Stuart Sacks, a Harrisburg-based surrogacy and adoption attorney, said he couldn’t form a complete opinion on the couple’s surrogacy until he knew whether it was Riley-Mitchell’s DNA that contributed to the procedure.
“If Brandon is the genetic parent, that’s maybe where the loophole comes in,” Sacks said.
Despite ambiguities around the procedure, the state legislature has “refused” to adopt a surrogacy act in the past, according to Sacks — though some Harrisburg lawmakers would like that to change.
Citing the Riley-Mitchell case by name, state Rep. Aaron Bernstine (R., Lawrence) announced last month that he intends to introduce a bill barring sex offenders from becoming parents via surrogacy.
Bernstine said the process of obtaining a pre-birth order “bypasses the background checks, home studies, and judicial oversight that would otherwise be required in an adoption or foster care placement.”

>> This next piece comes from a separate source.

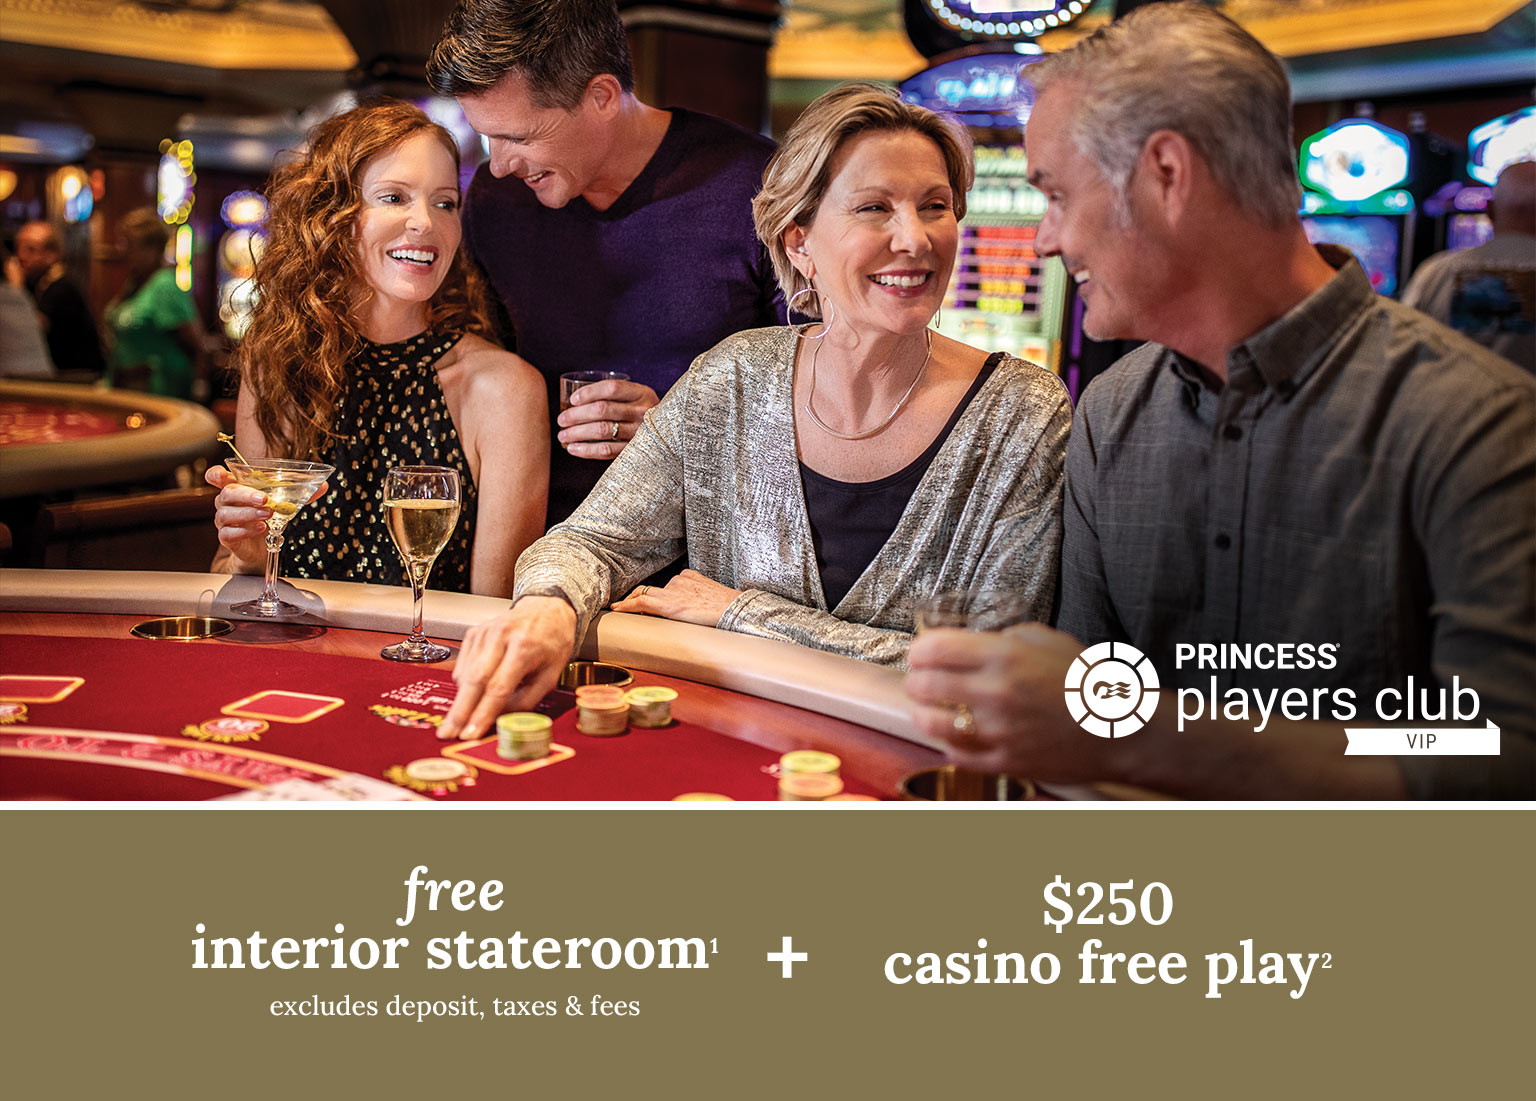 Free interior stateroom + $250 casino free play. Click here to book.

“This loophole was recently brought to light in a deeply disturbing case in which a Tier I sexual offender — who was previously convicted of sexually abusing a minor — was successful in lawfully obtaining full legal parentage of a child through surrogacy,” Bernstine wrote.
The bill would require background checks and child abuse clearances for surrogacy-seeking parents, according to the lawmaker.
Riley-Mitchell was 30 years old when he was charged for sexual misconduct involving the student, who was 16 when the abuse began, according to the Times of Chester County.
Riley-Mitchell was found to have exchanged more than 12,000 text messages with the student between May 2013 and December 2014, some of which included nude images and videos of the minor. Riley-Mitchell also suggested that the student perform oral sex on him upon graduation, according to the report.
At one point, Riley-Mitchell told the student to delete their text messages; investigators were able to recover incriminating messages from Riley-Mitchell’s phone after obtaining a search warrant.
Riley-Mitchell surrendered his teaching license and is no longer a teacher at Downingtown West. His last known employer is based in Lancaster, according to his Megan’s Law offender profile.